Top of Source data

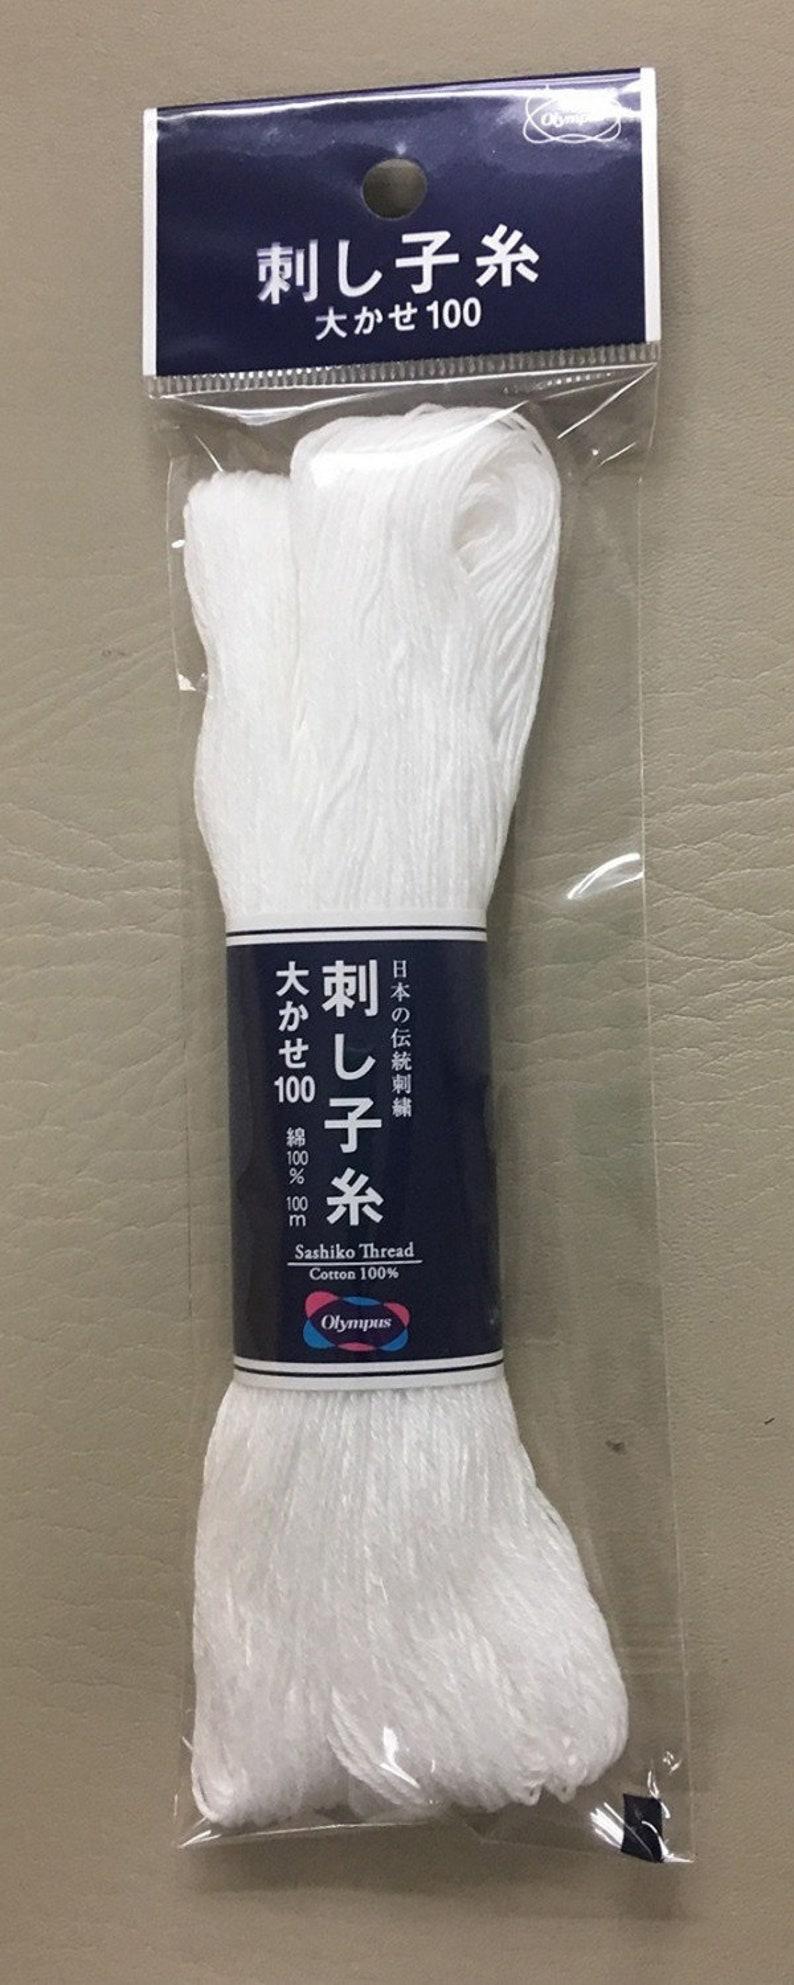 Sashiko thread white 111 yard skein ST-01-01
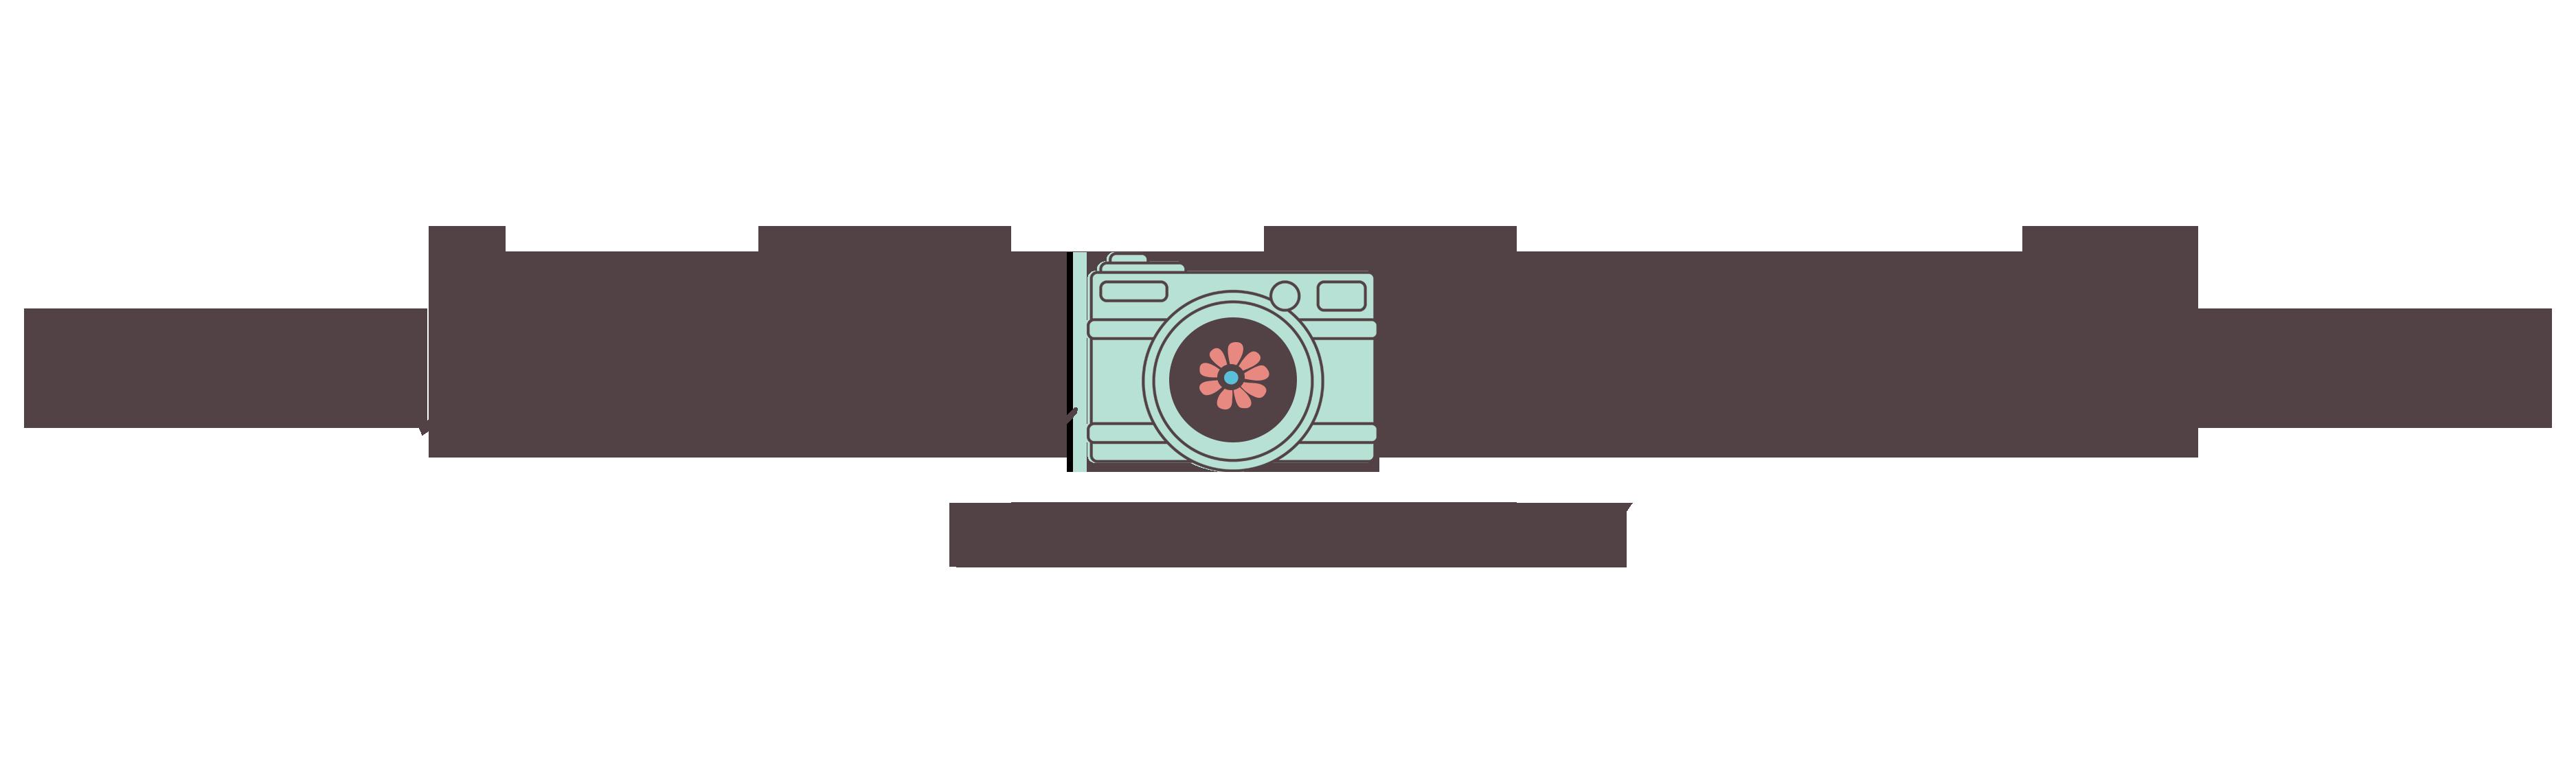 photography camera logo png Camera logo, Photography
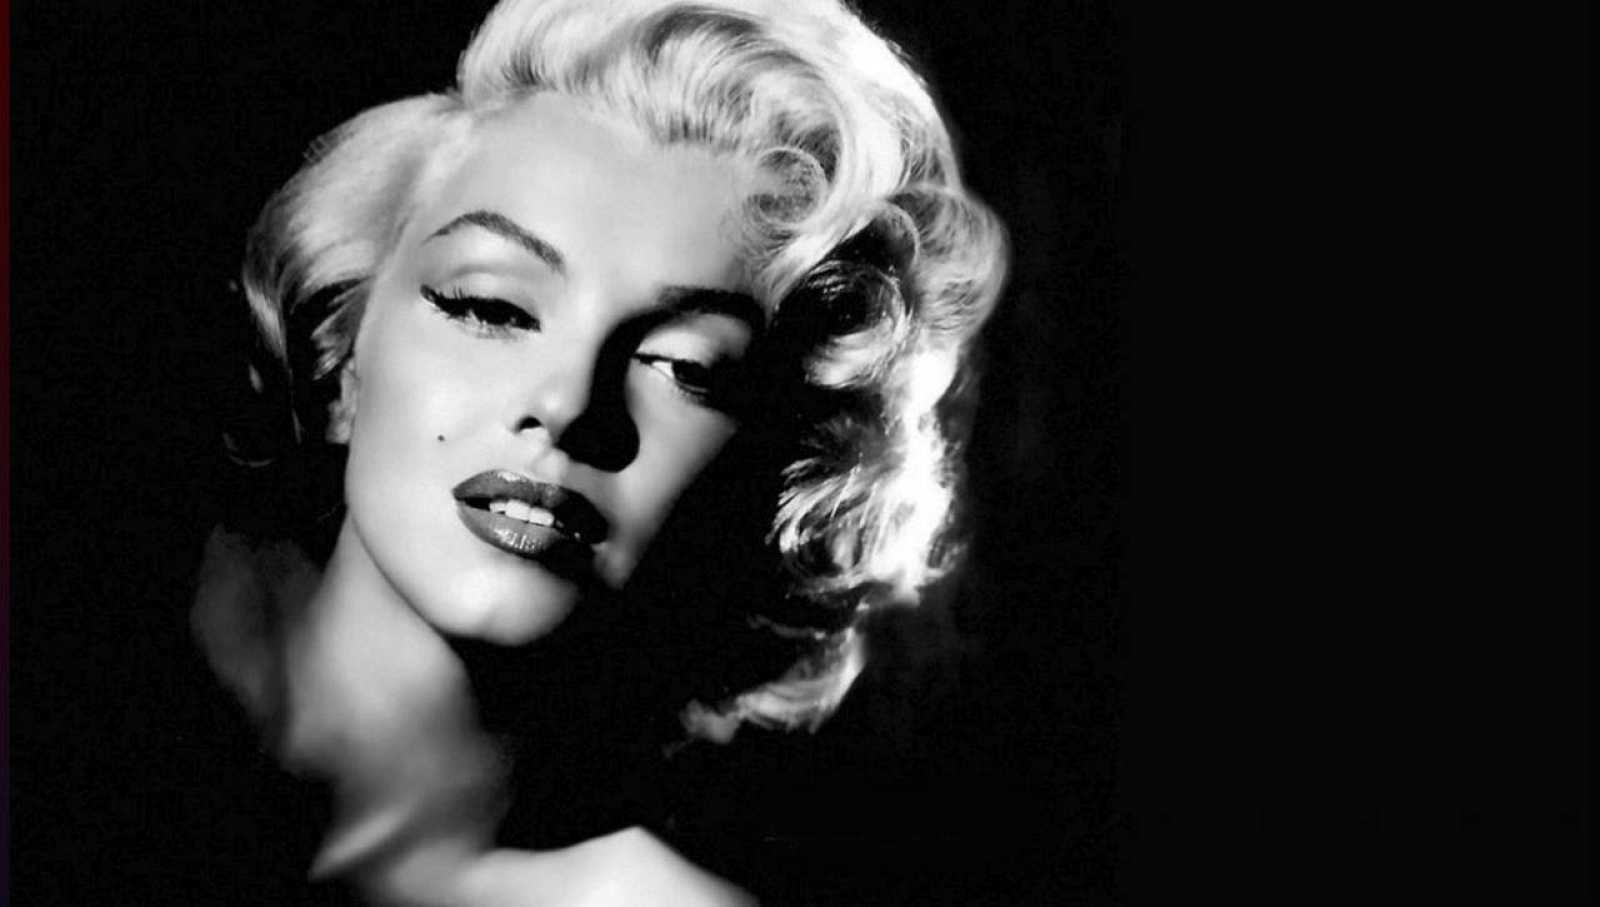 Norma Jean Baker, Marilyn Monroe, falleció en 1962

Bottom of Source data

■ **Work instruction**
Copy out the data verbatim, excluding the pictures.

■ **Solution to the problem**
 Sashiko thread white 111 yard skein ST-01-01
 photography camera logo png Camera logo, Photography
 Norma Jean Baker, Marilyn Monroe, falleció en 1962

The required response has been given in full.